Helen G. Chapin, Courtesy of the Hawaiian Historical Society

In his opening speech to the 1855 Hawaiian Legislature, Kamehameha IV identified Hawai‘i’s most serious problem as the radical decrease of the Hawaiian population. The king proposed two acts aimed at reversing this trend. The first, "An Act to Institute Hospitals for the Sick Poor," would establish hospitals in Honolulu and Lahaina. The second, the "Act to Mitigate the Evils and Diseases Arising from Prostitution," recognized that venereal diseases struck at the core of regeneration and provided for the registering and periodic physical examination of prostitutes.

Prior to 1778, Hawaiians had lived in isolation for a thousand years and practiced an ancient system of health and hygiene in perfect balance with the environment.

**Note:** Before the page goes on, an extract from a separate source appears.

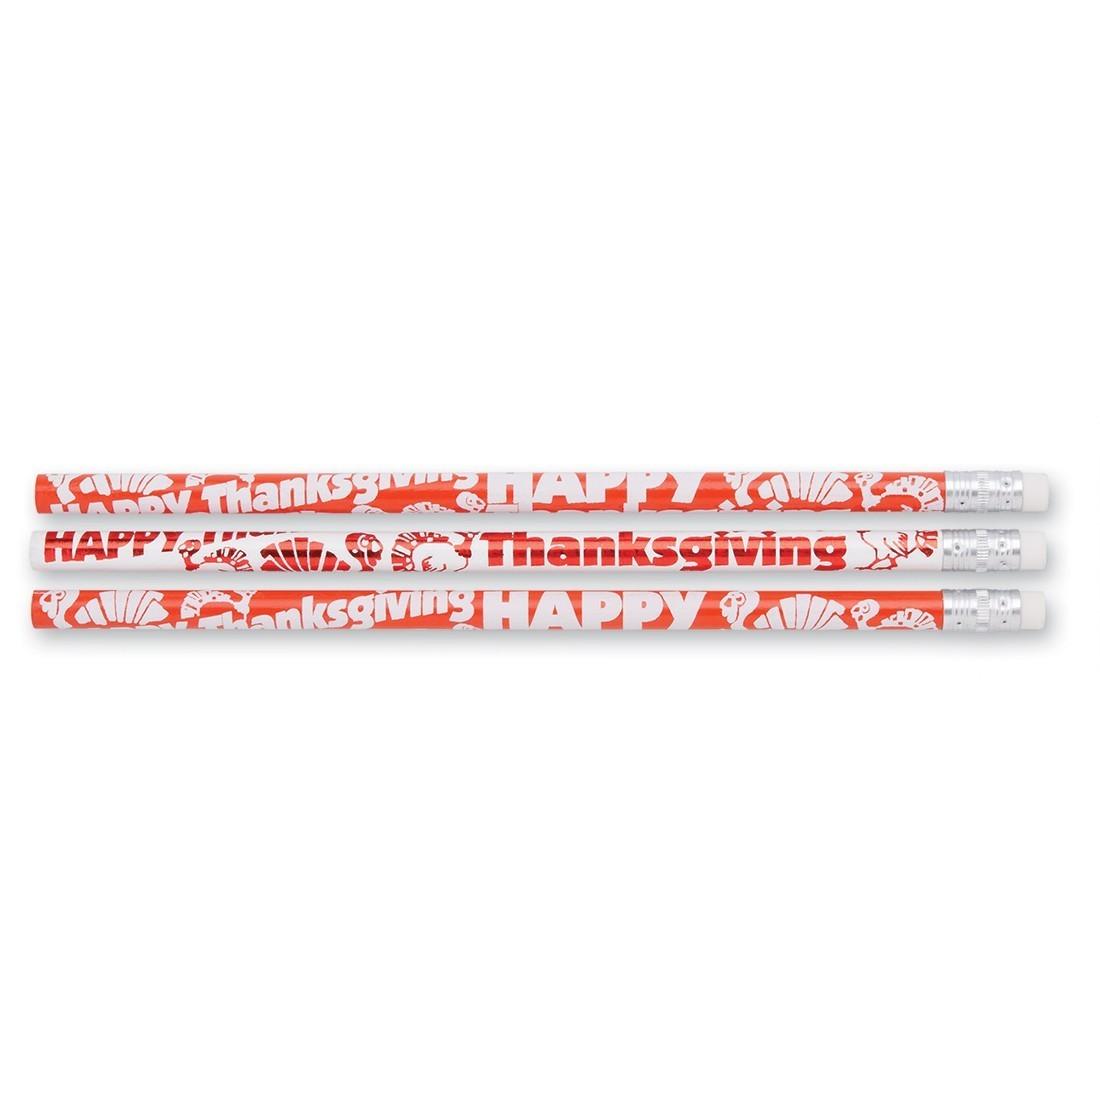 Thanksgiving Pencils [image]

They had no immunity to the successive invasions of foreign diseases visited upon them. The few small hospitals for foreign seamen and various nationalities were inadequate. A devastating smallpox epidemic in 1853 made drastic measures imperative.

Yet there was strong opposition by those who argued that venereal diseases were the wages of sin. The measures were finally passed by those who insisted that health had a physical — not a moral — basis and that good community health was desirable for all. However, no money was allocated to fund these measures until 1859. Kamehameha IV and Queen Emma pledged their own money and personally raised funds for the hospital, and in 1860 a coral stone building was erected for the bargain cost of $14,728.92. When Queen Emma died, she left the bulk of her estate to the Hospital — which is today the Queen’s Medical Center.